*Directions for this task:* Given the entries that follow, write out exactly the lines starting at the one containing "Die Suche nach" and ending at the one containing "2.2.1 Bilan quantitatif.", both ends included, and only those.

*Data to use:*
=-=-=-=-=

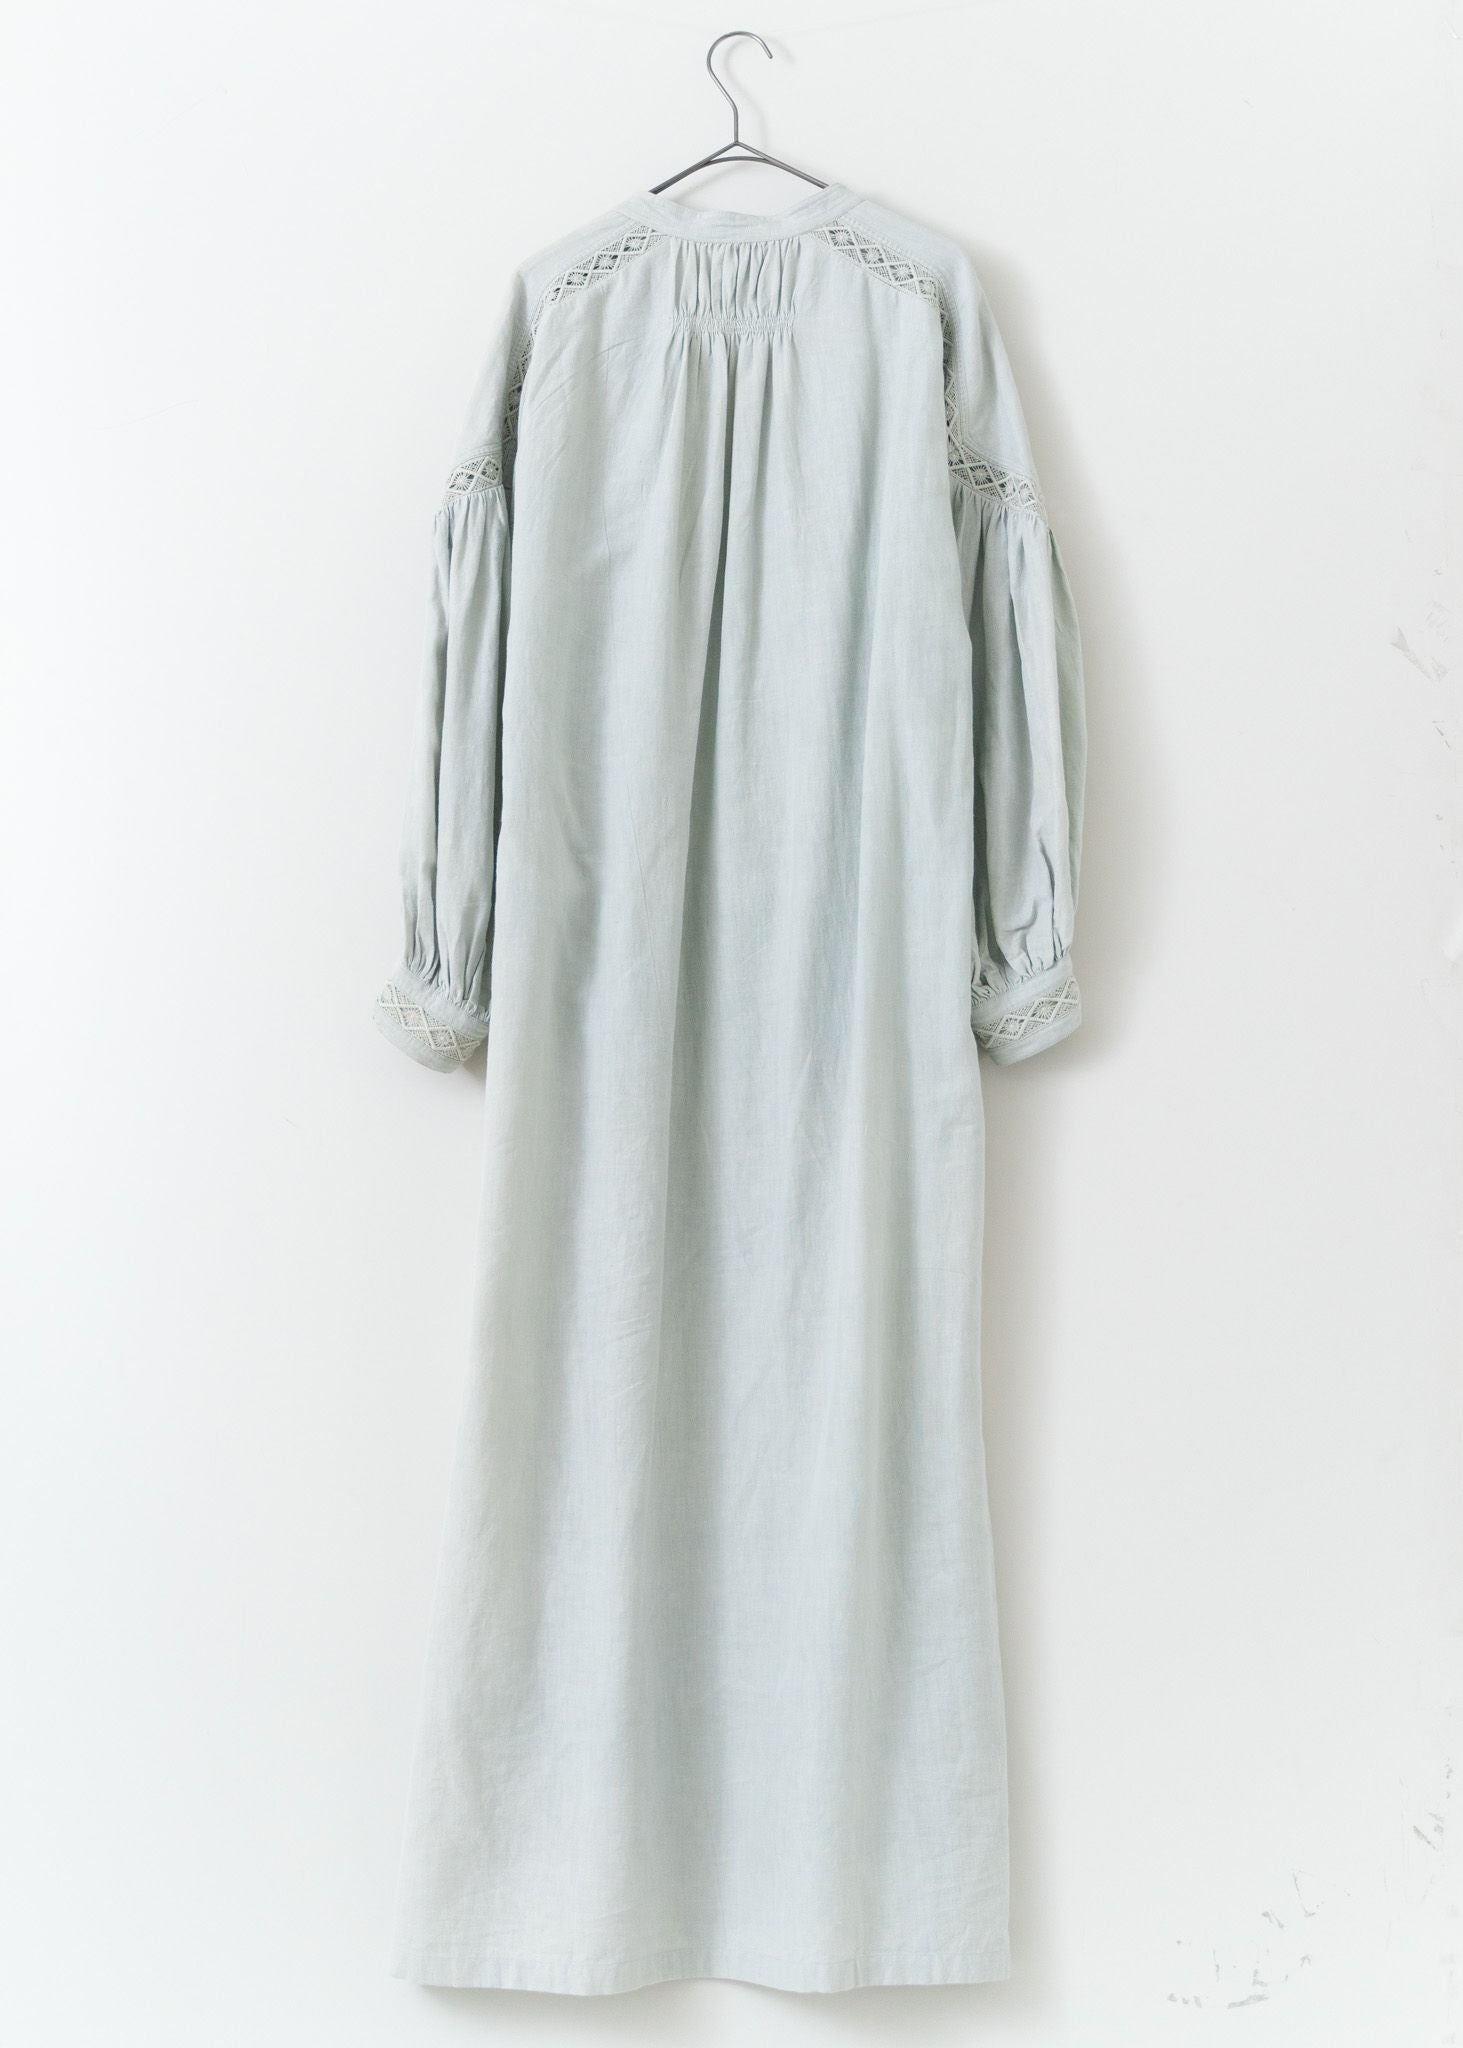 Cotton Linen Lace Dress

=-=-=-=-=

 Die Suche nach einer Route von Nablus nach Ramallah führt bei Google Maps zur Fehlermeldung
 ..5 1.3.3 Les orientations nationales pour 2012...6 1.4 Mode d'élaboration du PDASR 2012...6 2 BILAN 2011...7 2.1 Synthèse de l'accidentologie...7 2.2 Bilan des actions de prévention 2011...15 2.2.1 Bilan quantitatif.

=-=-=-=-=

*Task result:*
 Die Suche nach einer Route von Nablus nach Ramallah führt bei Google Maps zur Fehlermeldung
 ..5 1.3.3 Les orientations nationales pour 2012...6 1.4 Mode d'élaboration du PDASR 2012...6 2 BILAN 2011...7 2.1 Synthèse de l'accidentologie...7 2.2 Bilan des actions de prévention 2011...15 2.2.1 Bilan quantitatif.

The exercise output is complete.